#  > > >  >  > Форум >  > > >  >  > Образ жизни >  > > >  >  > Образ жизни >  > > >  >  > Здоровье >  > > >  >  >  Тибетская медицина

## Нико

Верите ли вы в эффективность тибетских лекарств? Помогали ли они вам когдо-либо вылечиться от той или иной болезни?

----------


## Ондрий

1. не верю. Максимум - эффективность как в любой другой народной медицине с траволечением. Травы с минералами не лечат ни вирусные, ни бактериальные заболевания, разумеется, но могут косвенно поддерживать уже имеющийся иммунитет.
2. не помогают тем, кого я лично знаю из тех, кто долго лечился у тибетцев. Пришлось им, в итоге, обращаться к западным хирургам т.к. все запустилось от такого "лечения".
3. знаю некоторых высоких ринпоче, которые ложились под нож западной медицины. (позор Менцикангу! разогнать однозначно эту богадельню!)


если есть серьезные проблемы со здоровьем, обращаться нужно только в хорошие западные клиники с оборудованием и нормальной диагностикой, а не тибетским "анализом" болезни по вкусу мочи и пульсу.

----------

Alex (28.08.2013), Pema Sonam (28.08.2013), лесник (16.11.2013)

----------


## Пема Дролкар

Однозначно "да" для меня лично и для некоторых тех, кого наблюдала в применении лекарств и общении с тибетскими ламами-целителями. Если есть глубокая кармическая связь, действуют. Но не всегда так, как предполагается больным. :Smilie:  

У меня много лет идет общение со стареньким тибетским ламой-доктором. Приходится ходить к нему с русскими и переводить его тибетскому переводчику или просто народ сопровождать по их требованию :Smilie:  Так что видела процесс лечения напрямую, развернутый во времени и последствиях для многих людей. Тут важна совокупность всех умений ламы и дисциплинированность больного. И медикаментозная часть далеко не самая важная. А кармически у людей, которые к нему ходили, может, и не у всех, во всей их жизненной ситуации пошли положительные перемены. Двух раковых больных по причине тяжелой формы не удалось спасти, но они ушли из жизни легко, ясно, закончив все свои дела и без сильных страданий от болей.
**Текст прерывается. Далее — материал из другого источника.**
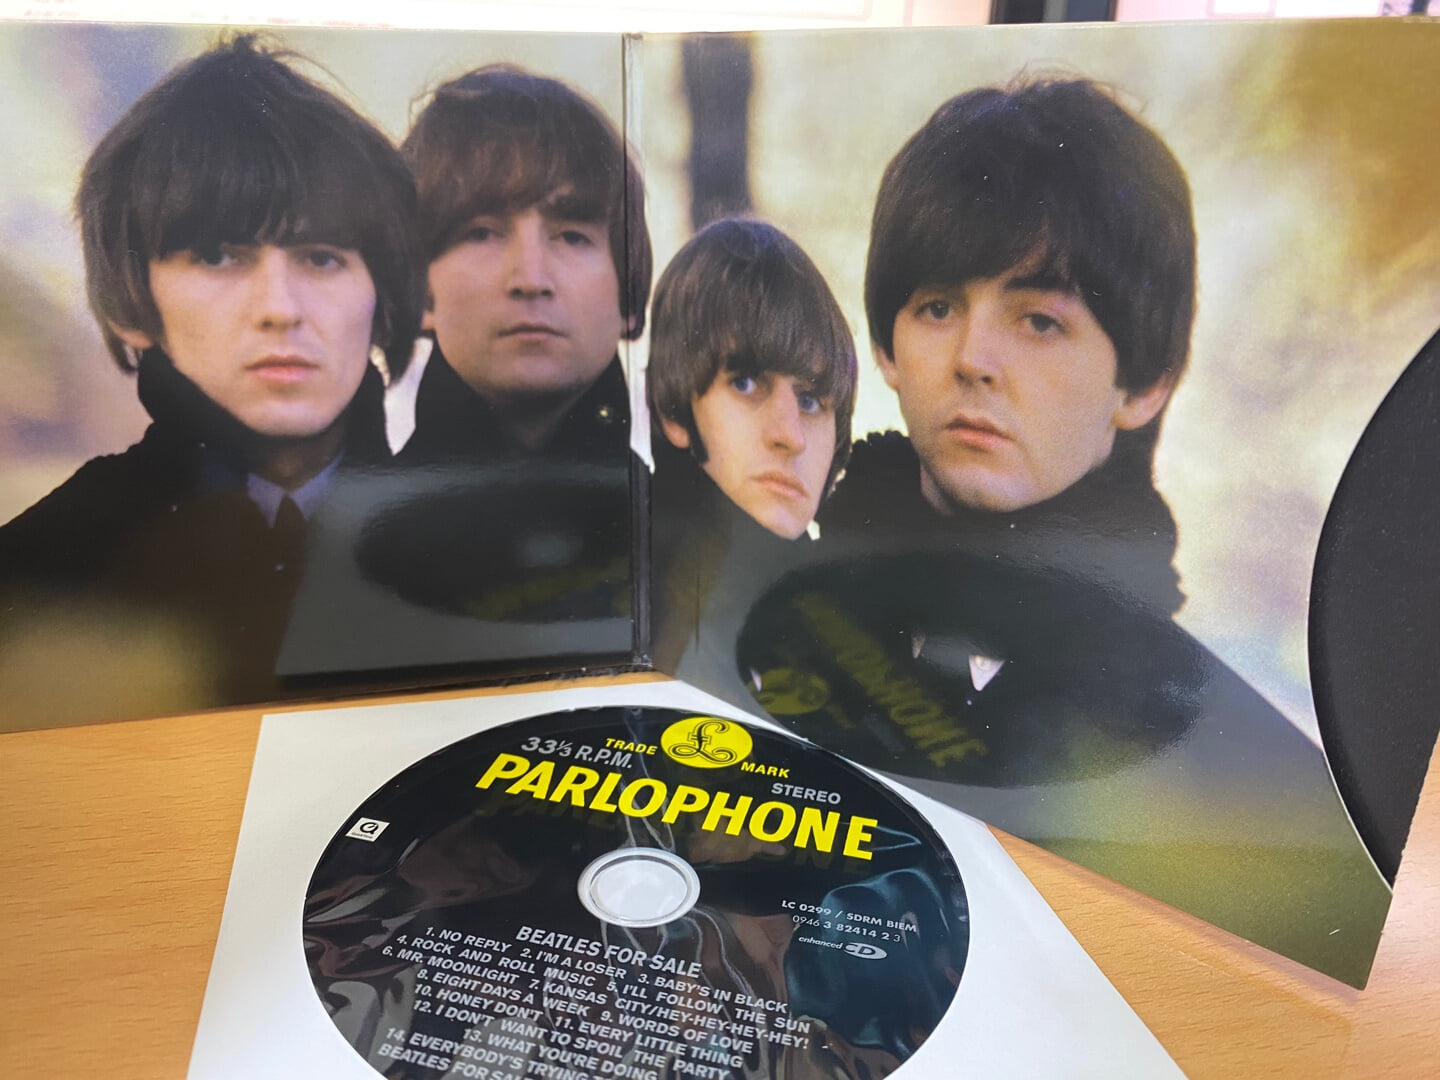 비틀즈 - The Beatles - Beatles For Sale [디지팩] [E.U발매]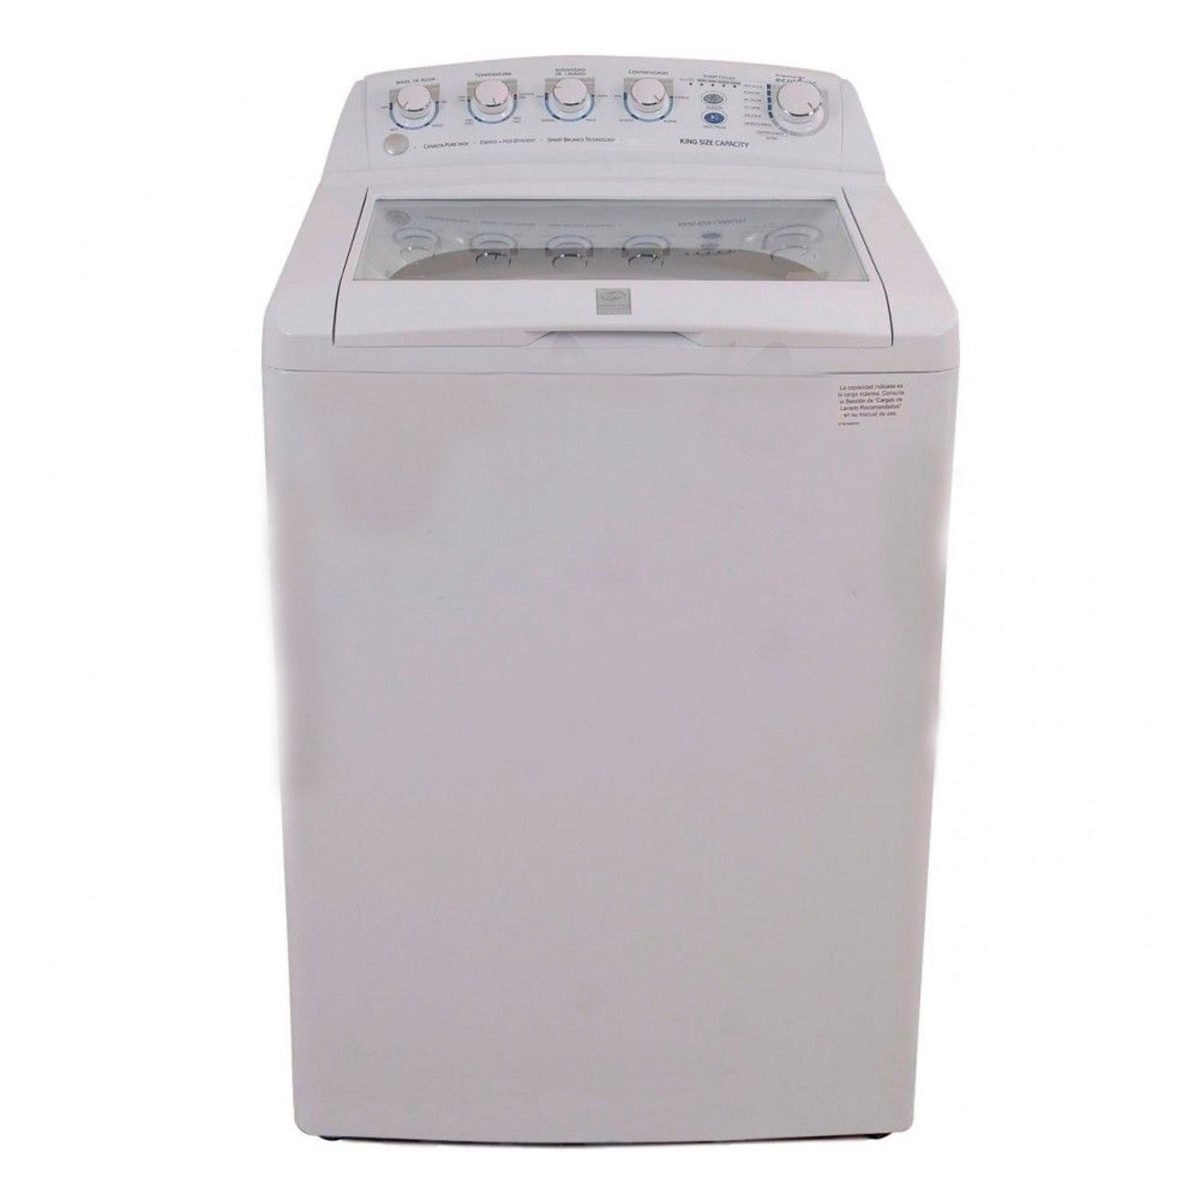 Lavadora automática 15kg Blanca GE - WGI15502XSBB10, Lavadoras Servicio, Lavado y Secado Servicio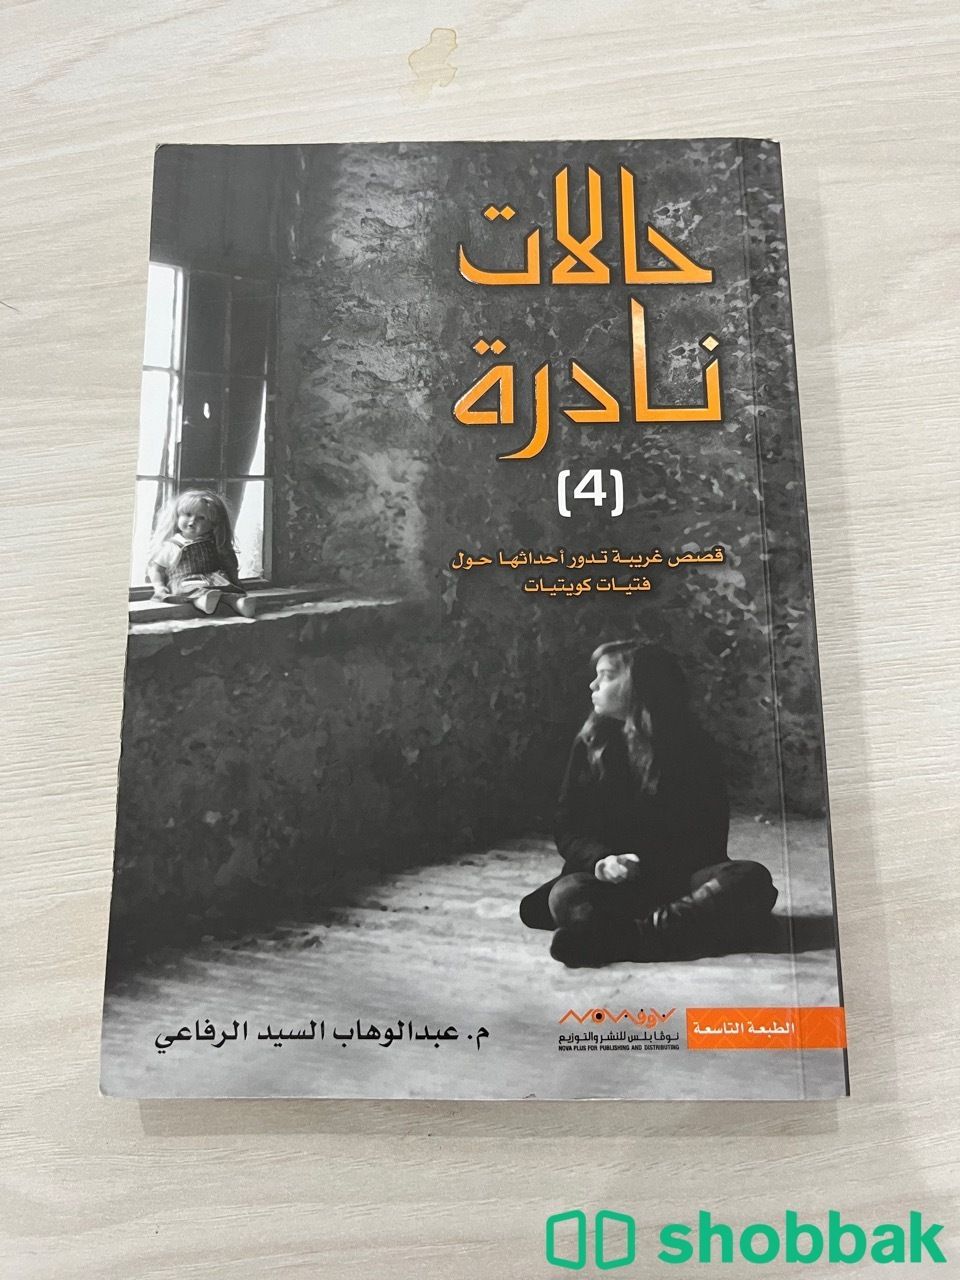 كتب انجليزية و عربية Shobbak Saudi Arabia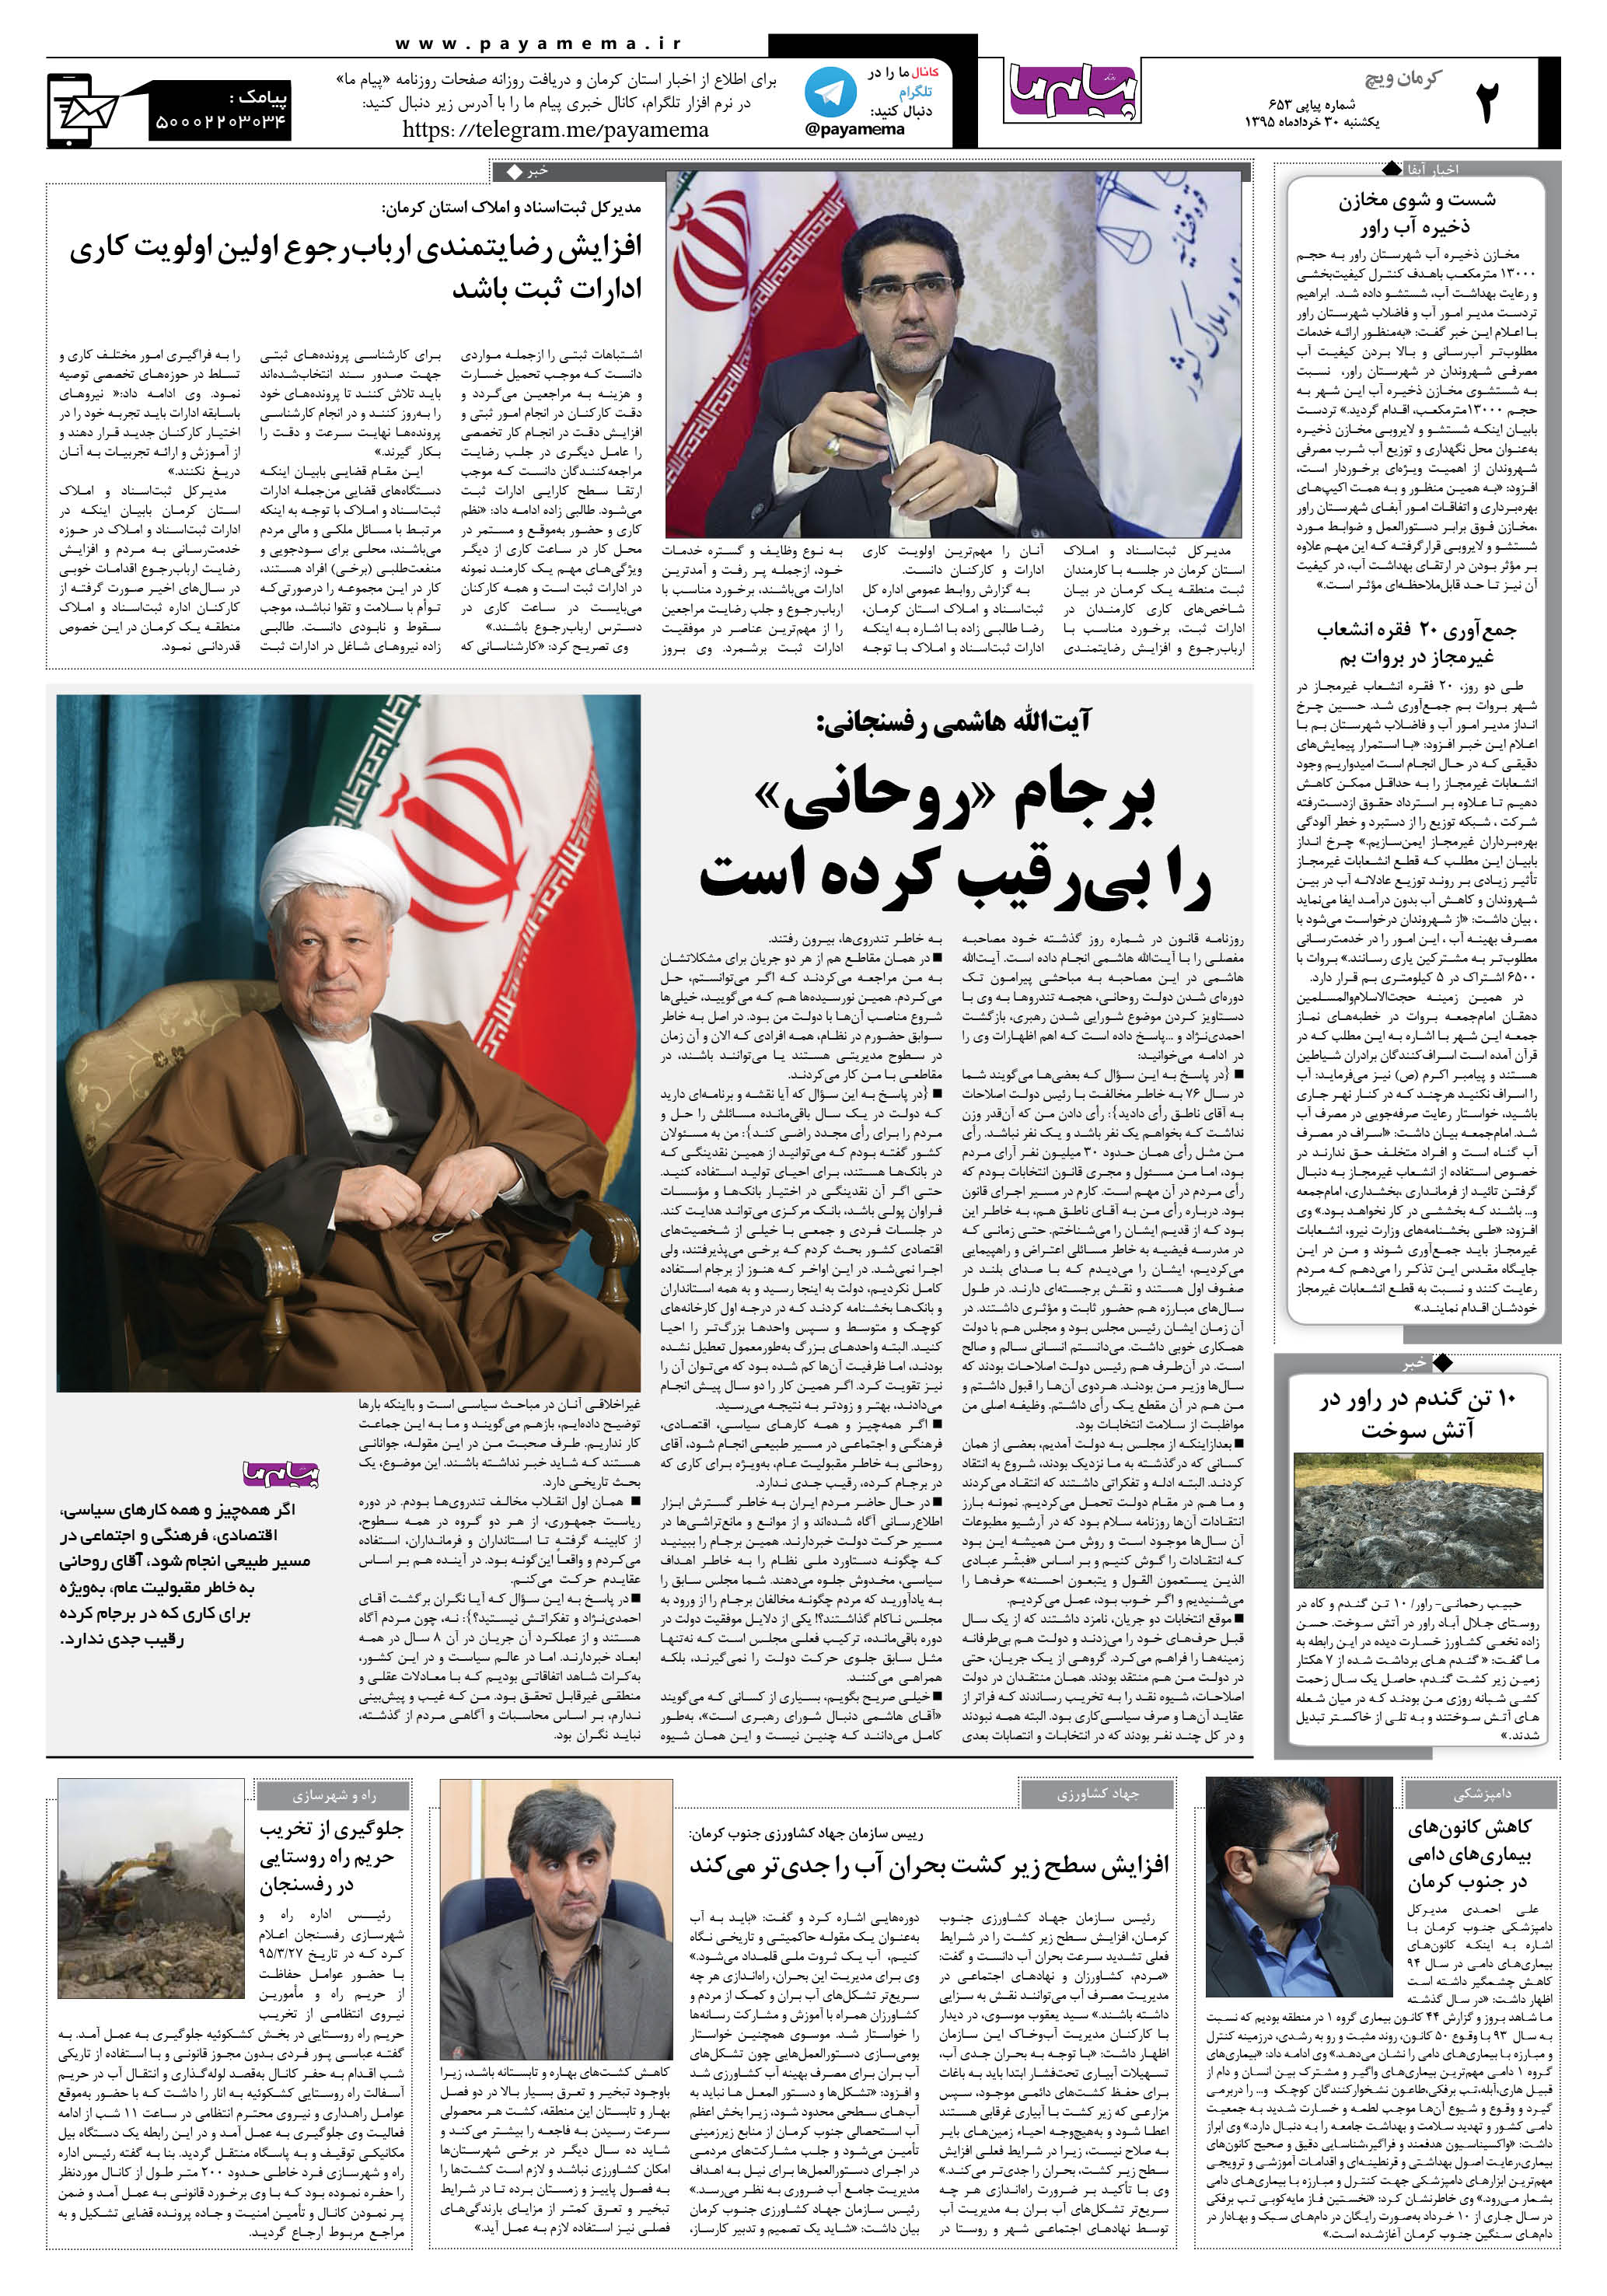 صفحه کرمان ویج شماره 653 روزنامه پیام ما

Тибетские врачи в современное время не применяют режущих техник, и активно советуют в тех или иных случаях идти прямо к западным врачам. А потом уже могут грамотно назначить поддерживающие и противовоспалительные средства. Они ведь карму человека и прочие буддийские дела учитывают. Они и сами активно лечатся у западных врачей при переломах, необходимостях хирургического вмешательства и не вешают западным людям лапши на уши - зависит от нравственных качеств самого тибетского врача. Это нормально лечить больного всем арсеналом доступных врачебных средств. И ответственный грамотный тибетский доктор даже может послать Вас на обследование печени, хотя она Вас вообще не беспокоит, прежде, чем назначать Вам тибетские лекарства. А потом выясняется, что это был совет вовремя. Мой друг-небуддист сначала показал рентген смещенных позвонков, и лама ему подробно описал, что тот должен делать поэтапно. После чего друг сходил на операцию, которой сильно побаивался и откладывал, и потом через пару месяцев после западных лекарст и восстановления пропил курс тибетских лекарств.

Тибетские лекарства хорошо снимают воспаления и помогают при многих процессах. Нужно только найти знающих врачей и качественные лекарства.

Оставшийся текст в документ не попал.